Introduction to Meeting Workspaces
A Meeting Workspace is a Web site for centralizing all the information and materials for one or more meetings.
About Meeting Workspaces
A Meeting Workspace site is a Web site that is a repository for all the information and materials needed for one or more meetings. You can set up a Meeting Workspace site when you create a meeting invitation in Microsoft Office Outlook. The subject, the attendee names, the date, the time, and the location from the meeting request are added to the Meeting Workspace site automatically by Outlook. If you change this information at a later time, Outlook automatically updates the Meeting Workspace site with the new information.
Note: If you update the information in the Meeting Workspace site instead, you need to update that information in the meeting request in Outlook manually.
If you set up a Meeting Workspace site by using Outlook with a Microsoft Exchange account, a link to the site is automatically added to the body of your meeting request. The invitees can click the link to see and work with the agenda, the documents, and other meeting-related information in the Meeting Workspace site. During the meeting, you can view the Meeting Workspace site and update it with information such as the names of the attendees, the decisions that were made, the action items or tasks that were assigned to the attendees, and publish the meeting minutes. These features help you create a complete record of the meeting for future reference.
You can create a Meeting Workspace site from a variety of locations if Microsoft SharePoint Services and a parent SharePoint site are available. The new Meeting Workspace site is created as a sub site of the parent SharePoint site. Some examples of locations to create a Meeting Workspace site are a SharePoint Services-compatible calendar and scheduling program, such as Outlook, and a SharePoint Services site on an intranet.

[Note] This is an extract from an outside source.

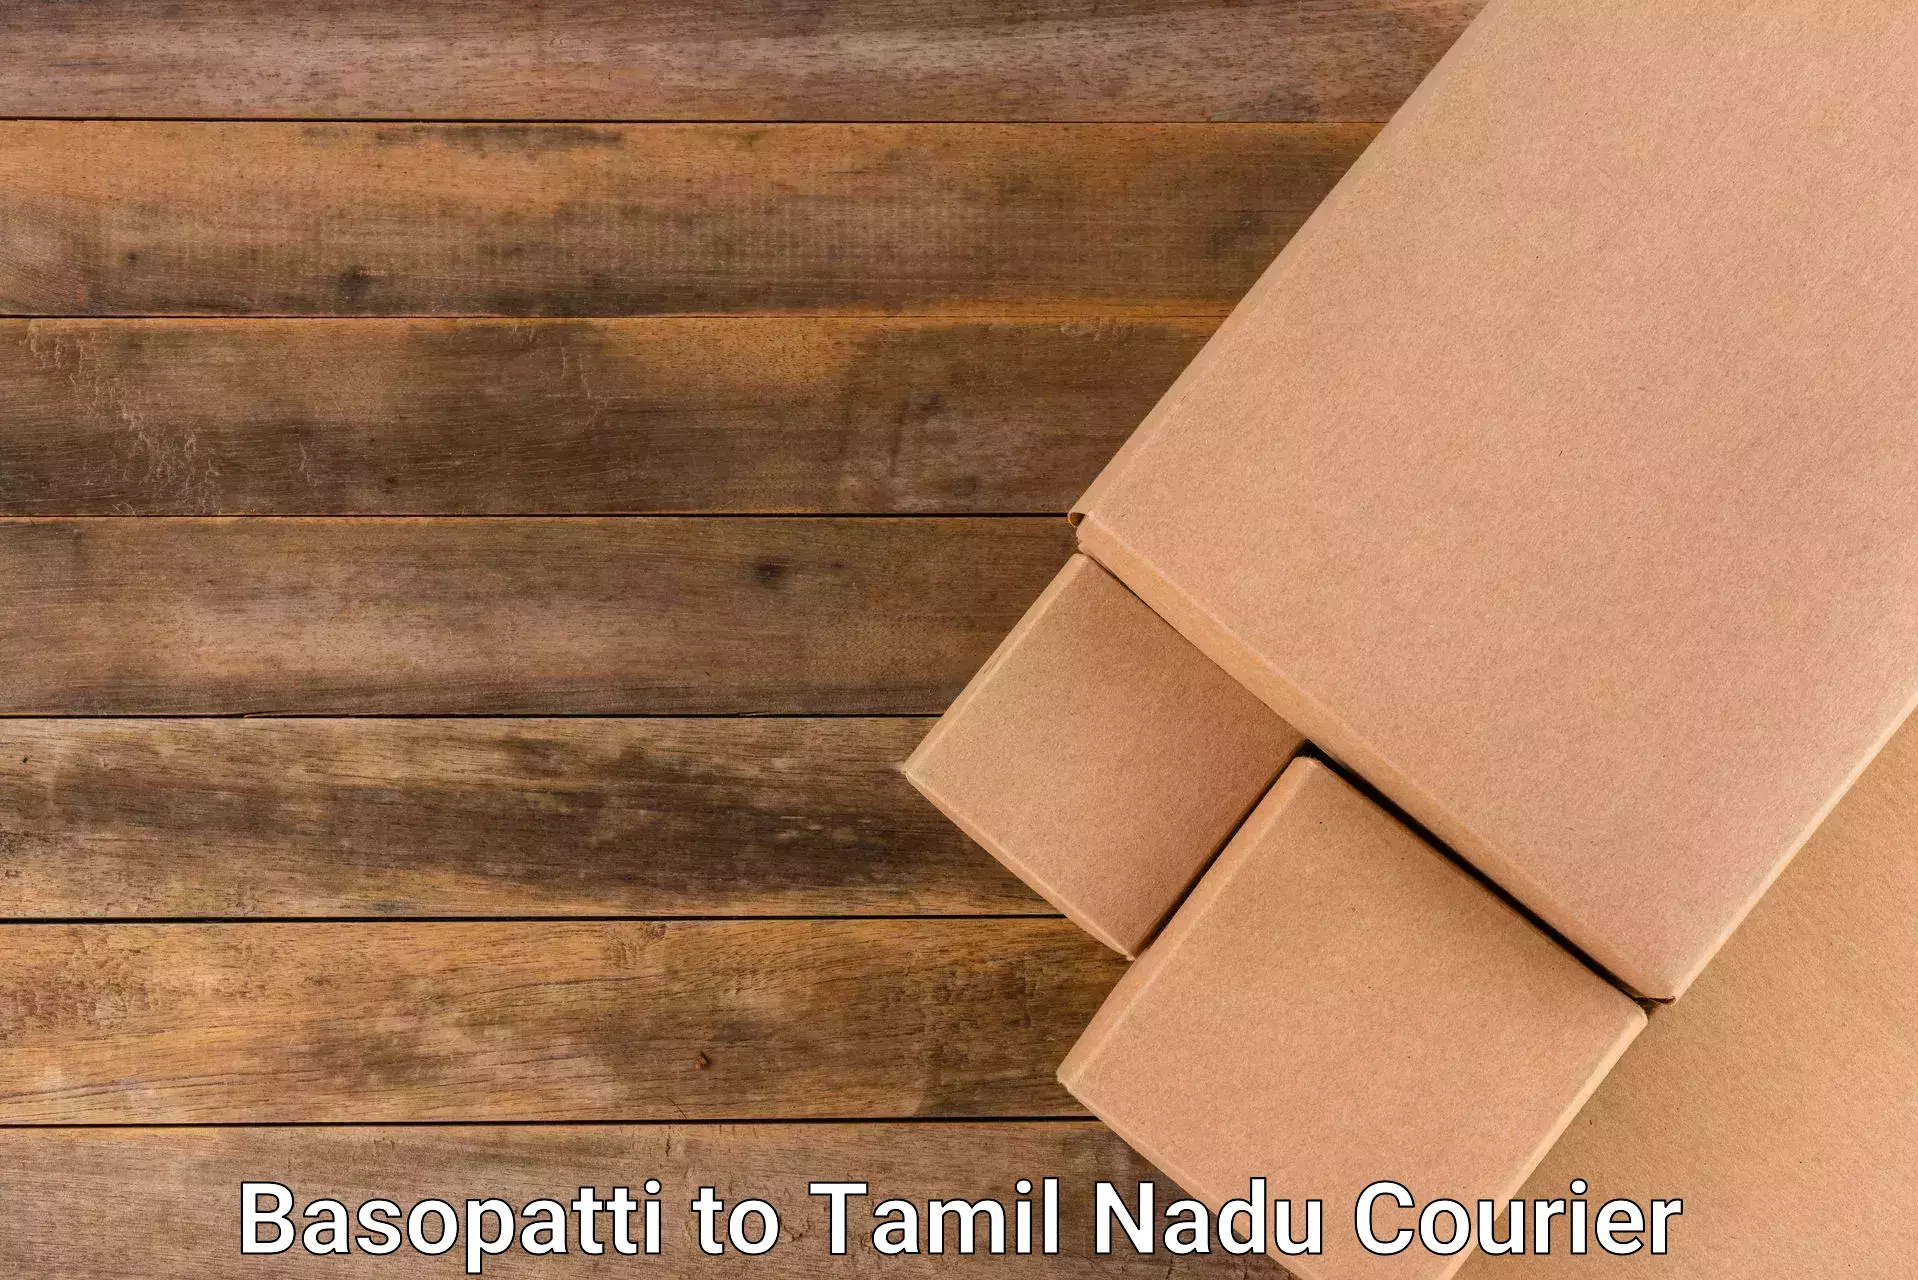 Overnight delivery services Basopatti to Tamil Nadu

You can also create a Meeting Workspace site by using an existing Meeting Workspace site, but in this case, the new site cannot be a sub site of the existing Meeting Workspace site.
Both Outlook and SharePoint Services can help you set up a Meeting Workspace site for more than one meeting, such as for a recurring meeting or for multiple related meetings that are all linked to the same Meeting Workspace site. You can also assign a delegate to set up the Meeting Workspace site for you.

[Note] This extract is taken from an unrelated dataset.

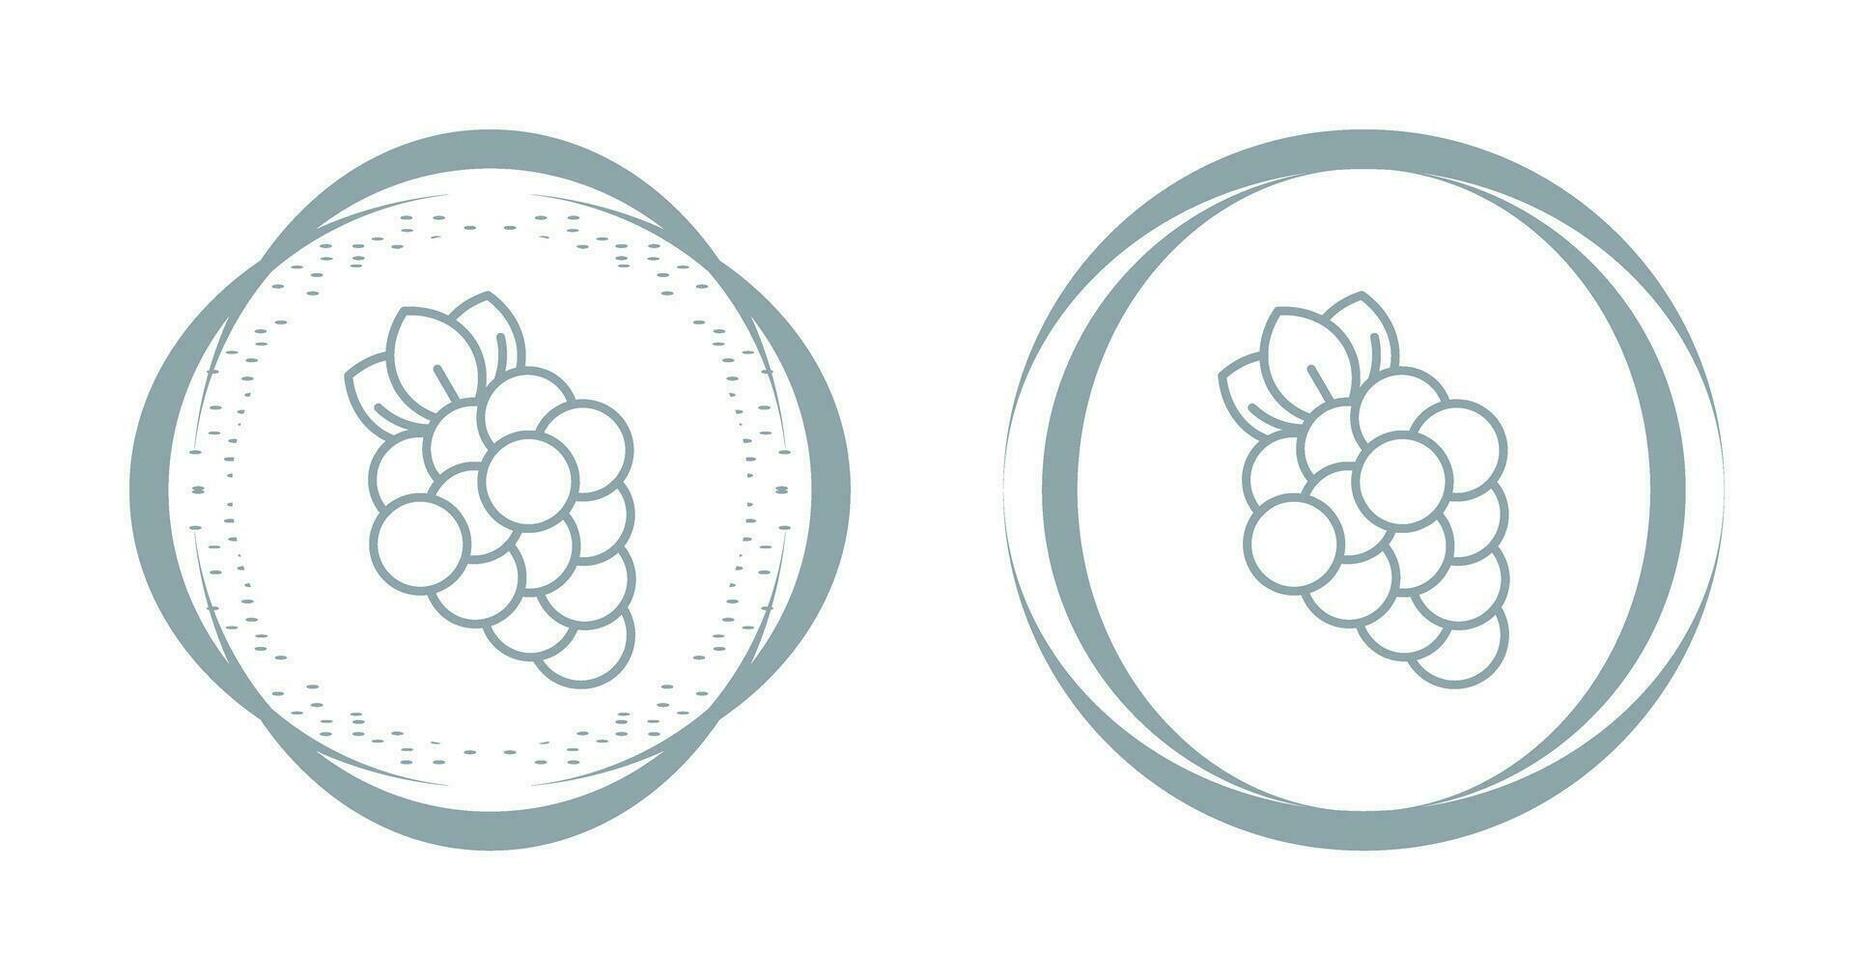 icône de vecteur de raisins

Note: If you use an e-mail program other than Outlook, see its documentation for more information, or contact your system administrator.
You can invite anyone with a valid e-mail address in the same trusted domain as yourself to Meeting Workspace sites that are created in the trusted domain. Meeting Workspace sites that are created on external sites can be accessed by anyone who has a valid e-mail address.

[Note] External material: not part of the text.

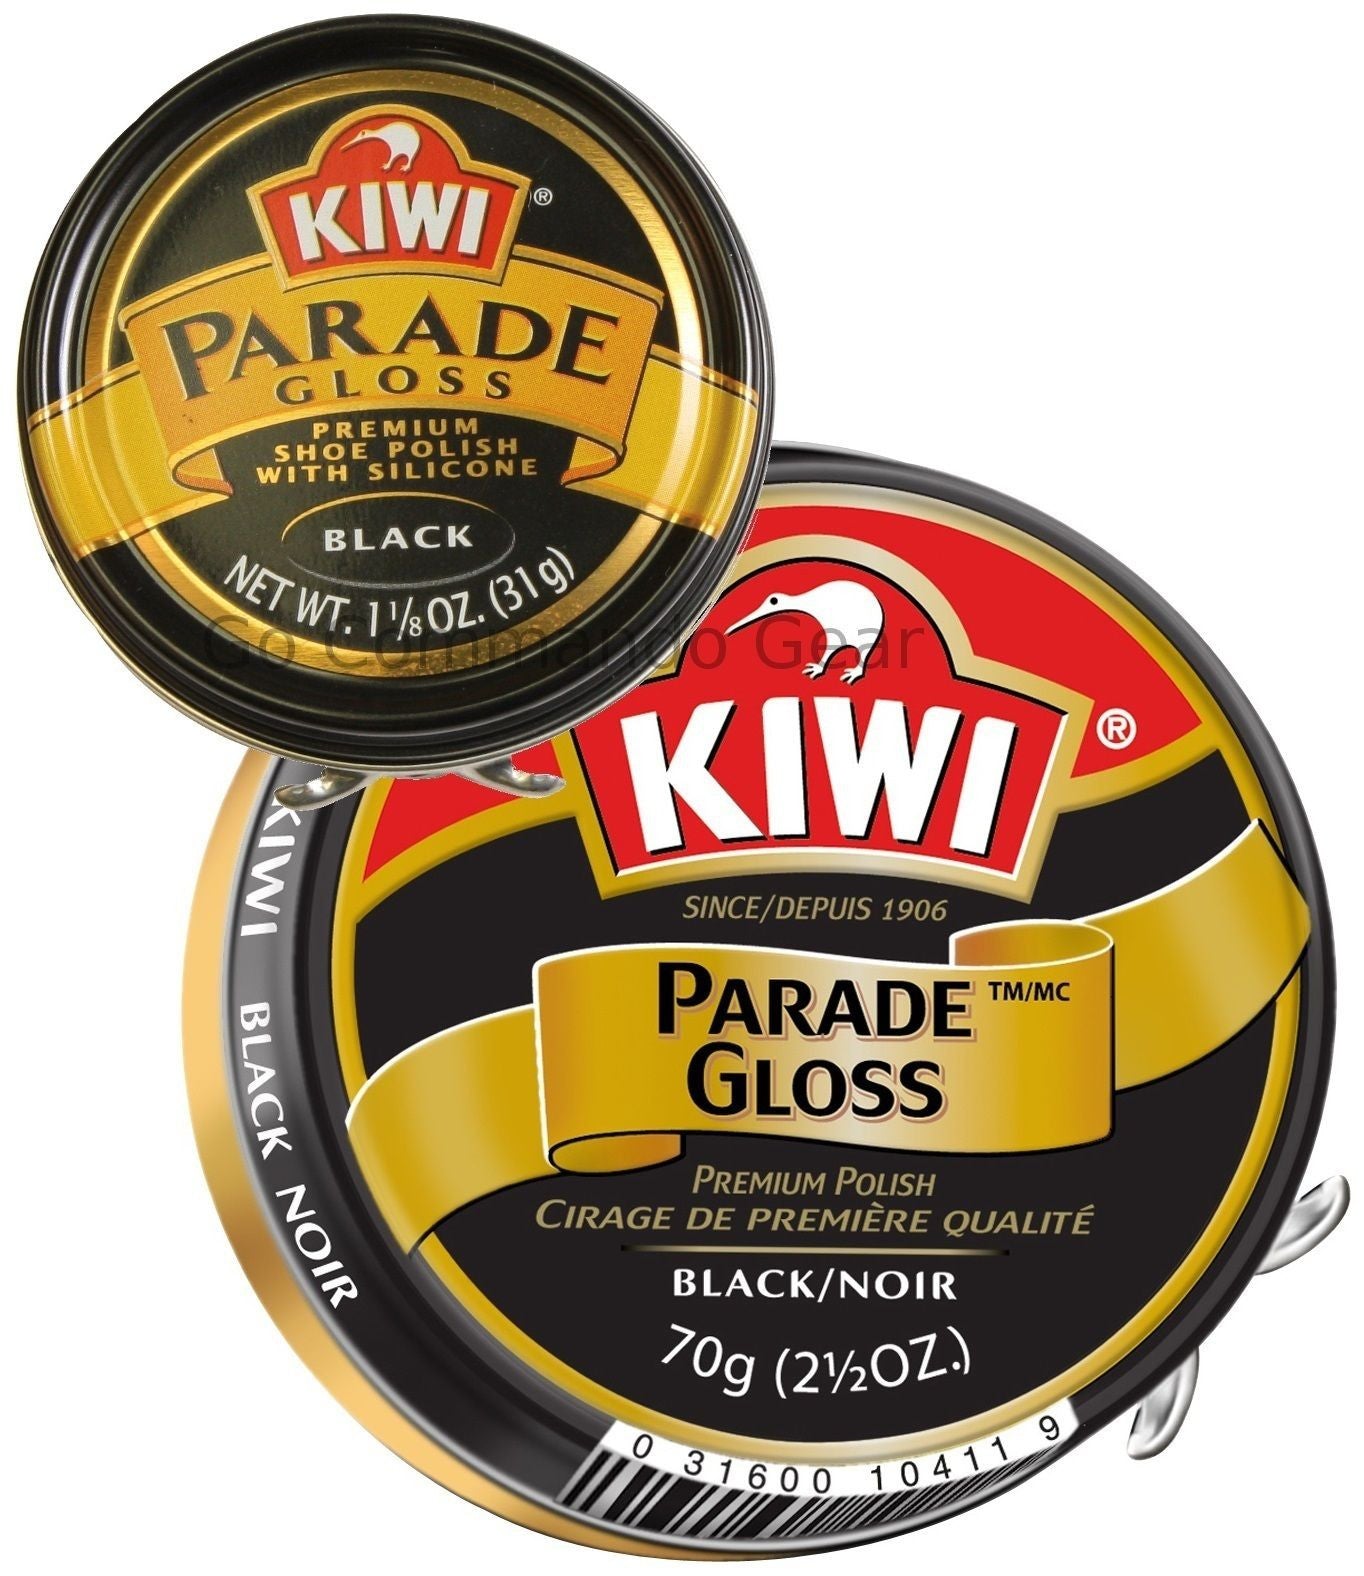 Kiwi Parade Gloss - Black Shoe Shine Polish - 70 & 31 Gram Tins Sizes - US Made

If you use an instant messaging program that is compatible with SharePoint, such as Microsoft Skype, or Microsoft Lync, you can use that program from the Attendees list in the Meeting Workspace site to communicate with other attendees. You can ask an attendee who is online, to visit the Meeting Workspace site so that you can work together.
Parts of a Meeting Workspace site
A Meeting Workspace site is made up of one or more pages that contain pieces of information called Web Parts. Examples of Web Parts are meeting details and lists of information that are common to planning, conducting, or following up on a meeting. Typical titles for lists include Objectives, Agenda, Attendees, Decisions, and Tasks. In addition to lists, you can add a document library and a picture library where invitees can store materials related to the meeting. The lists and libraries that display by default on the home page depend on the template that you choose when you create the Meeting Workspace site.
If the Meeting Workspace site does not contain all the information that you require, you can customize it to suit your needs. Help for the Meeting Workspace site is available on the site and in SharePoint Help.
Attendees, users, and site groups in the Meeting Workspace site
Although Outlook updates the Attendees list in a Meeting Workspace site, it does not automatically assign permissions to the attendees to access the Meeting Workspace site. Whether rights are granted automatically or not depends on the type of your Meeting Workspace site.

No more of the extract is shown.